Jonstone in the Sky, have Mercy! I was lost in the dark and the rain.
Was
I some kind of idiot, actually? Did I make things happen to myself? It was possible. It was possible that I was subnormal, that I was lucky just to be alive.

The clipboard had been wired to the dashboard. I figured it must have flown out of the truck on the last sharp turn. I got out of the truck with my pants rolled up around my knees and started wading through a foot of water. It was dark. I’d never find the god damned thing! I walked along, lighting matches—but nothing, nothing. It had floated away. As I reached the corner I had sense enough to notice which way the current was moving and follow it. I saw an object floating along, lit a match, and there it WAS! The clipboard.
Impossible!
I could have kissed the thing. I waded back to the truck, got in, rolled my pantlegs down and really
wired
that board to the dash. Of course, I was way behind schedule by then but at least I’d found their dirty clipboard. I wasn’t lost in the backstreets of Nowhere. I wouldn’t have to ring a doorbell and ask somebody the way back to the post office garage.

I could hear some fucker snarling from his warm frontroom:

“Well, well. You’re a post office employee,
aren’t
you? Don’t you know the way back to your own garage?”

So I drove along, lighting matches, leaping into whirlpools of water and emptying collection boxes. I was tired and wet and hungover, but I was usually that way and I waded through the weariness like I did the water. I kept thinking of a hot bath, Betty’s fine legs, and—something to keep me going—a picture of myself in an easychair, drink in hand, the dog walking up, me patting his head.
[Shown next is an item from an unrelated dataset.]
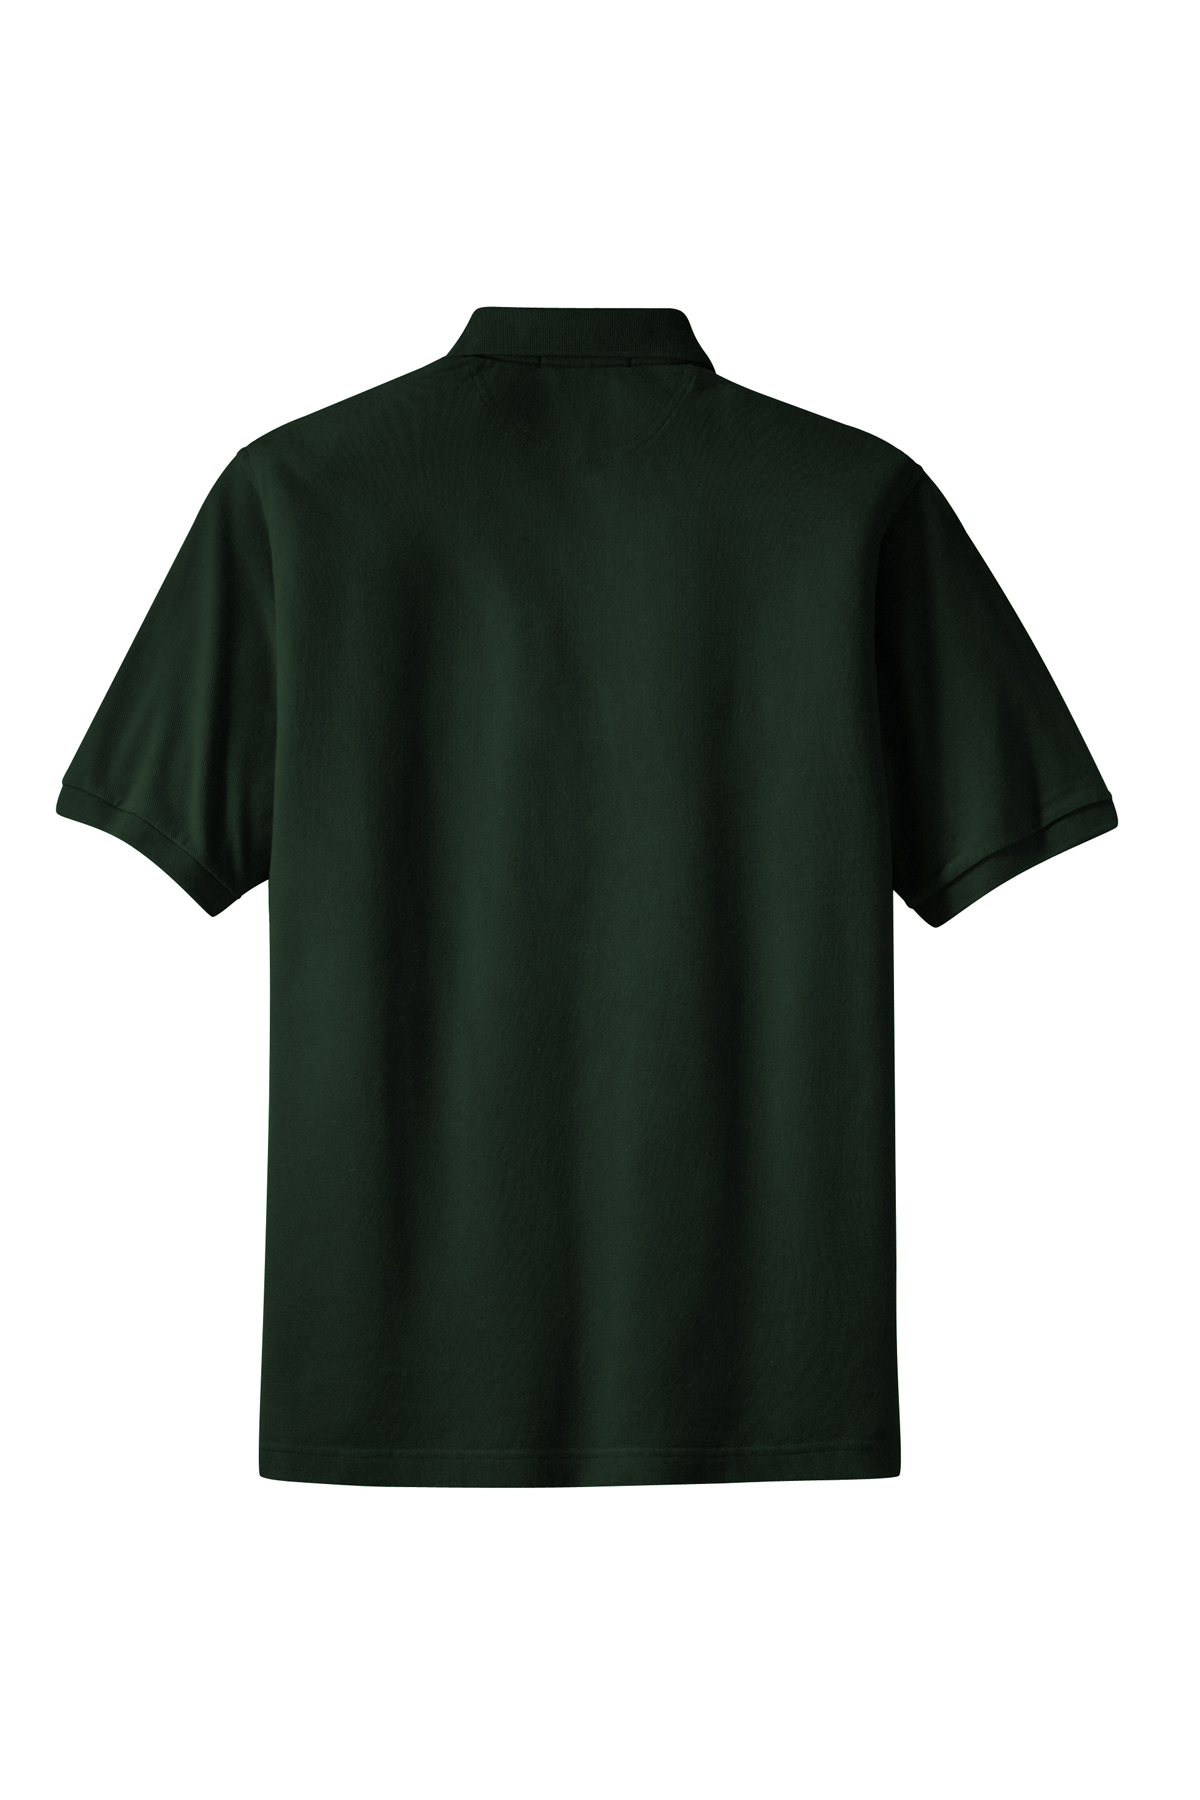 Port Authority Heavyweight Cotton Pique Polo with Pocket | Product | SanMar

But that was a long way off. The stops on the clipboard seemed endless and when I reached the bottom it said, “Over” and I flipped the board and sure enough, there on the backside was
another
list of stops.

With the last match I made the last stop, deposited my mail at the station indicated, and it was a
load
, and then drove back toward the West Garage. It was in the west end of town and in the west the land was very flat, the drainage system couldn’t handle the water and anytime it rained any length of time at all, they had what was called a “flood.” The description was accurate.

Driving on in, the water rose higher and higher. I noticed stalled and abandoned cars all around. Too bad. All I wanted was to get in that chair with that glass of scotch in my hand and watch Betty’s ass wobble around the room. Then at a signal I met Tom Moto, one of the other Jonstone subs.